Entries supplied:
☆ ☆ ☆ ☆

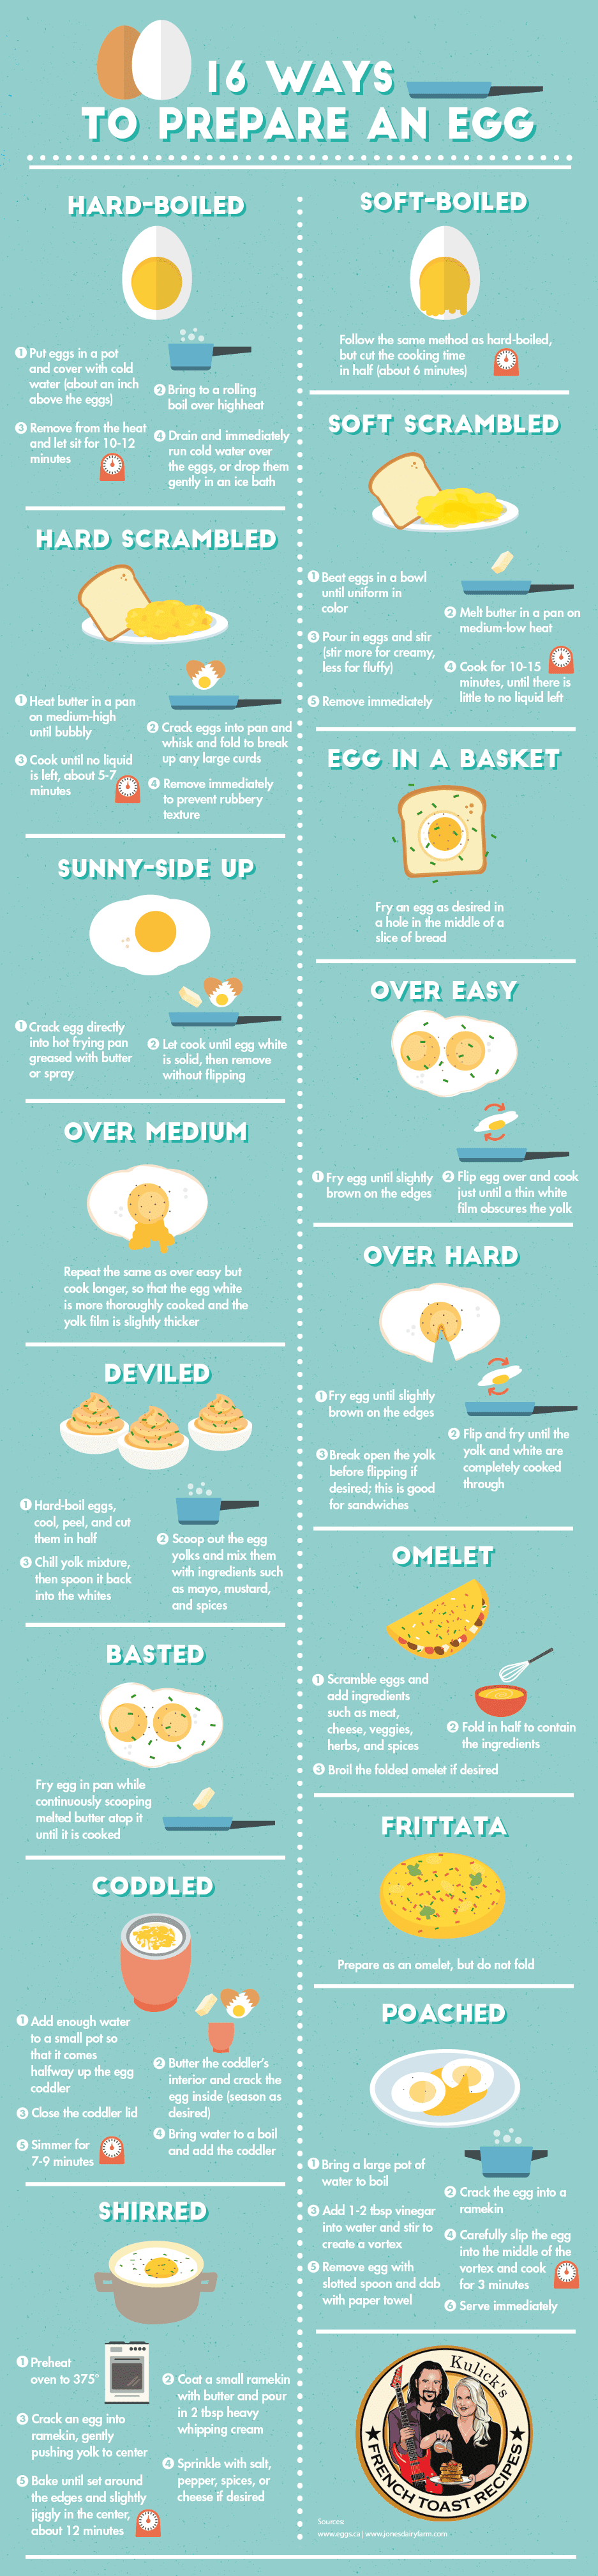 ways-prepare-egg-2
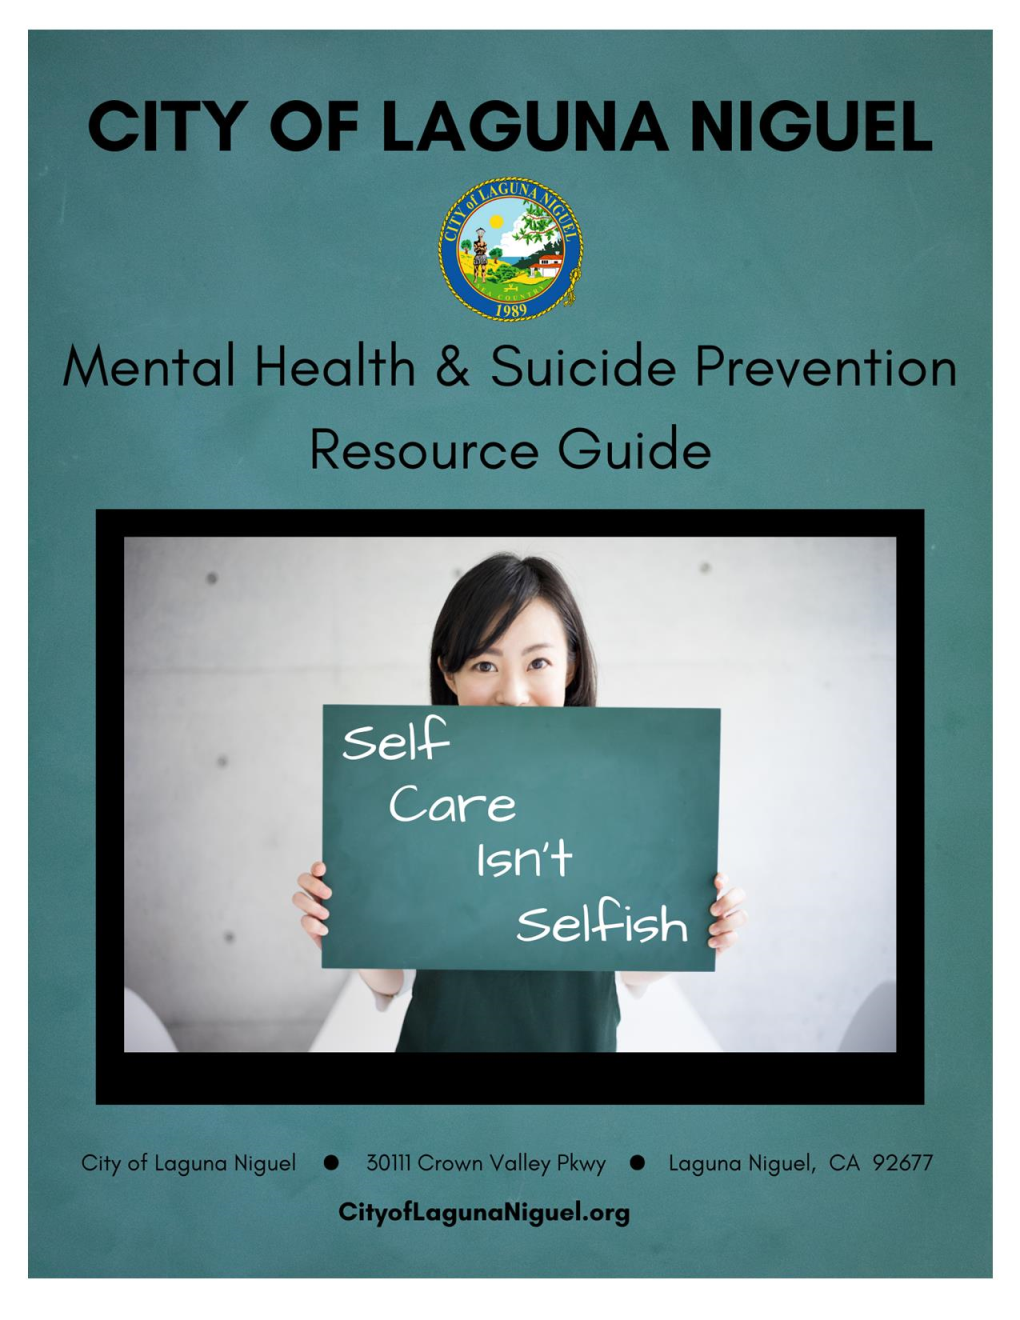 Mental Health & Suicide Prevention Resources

☆ ☆ ☆ ☆

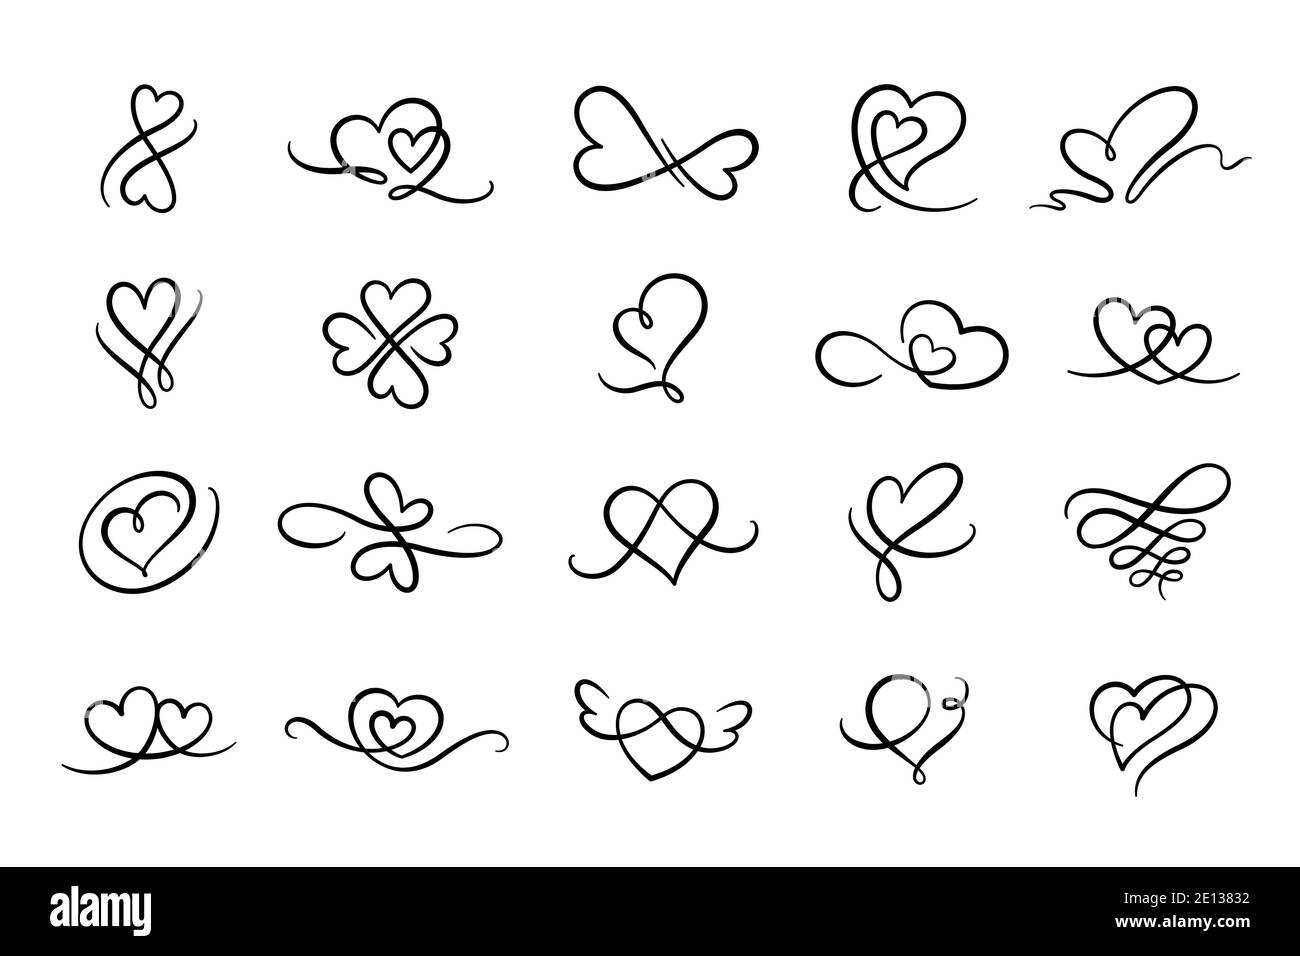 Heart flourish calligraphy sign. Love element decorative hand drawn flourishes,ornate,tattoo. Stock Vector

☆ ☆ ☆ ☆

Your task: Everything from the line with "ways-prepare-egg-2" through the line with "Mental Health & Suicide Prevention Resources" in the material above should be transcribed exactly, except the pictures.

Written response:
 ways-prepare-egg-2
 Mental Health & Suicide Prevention Resources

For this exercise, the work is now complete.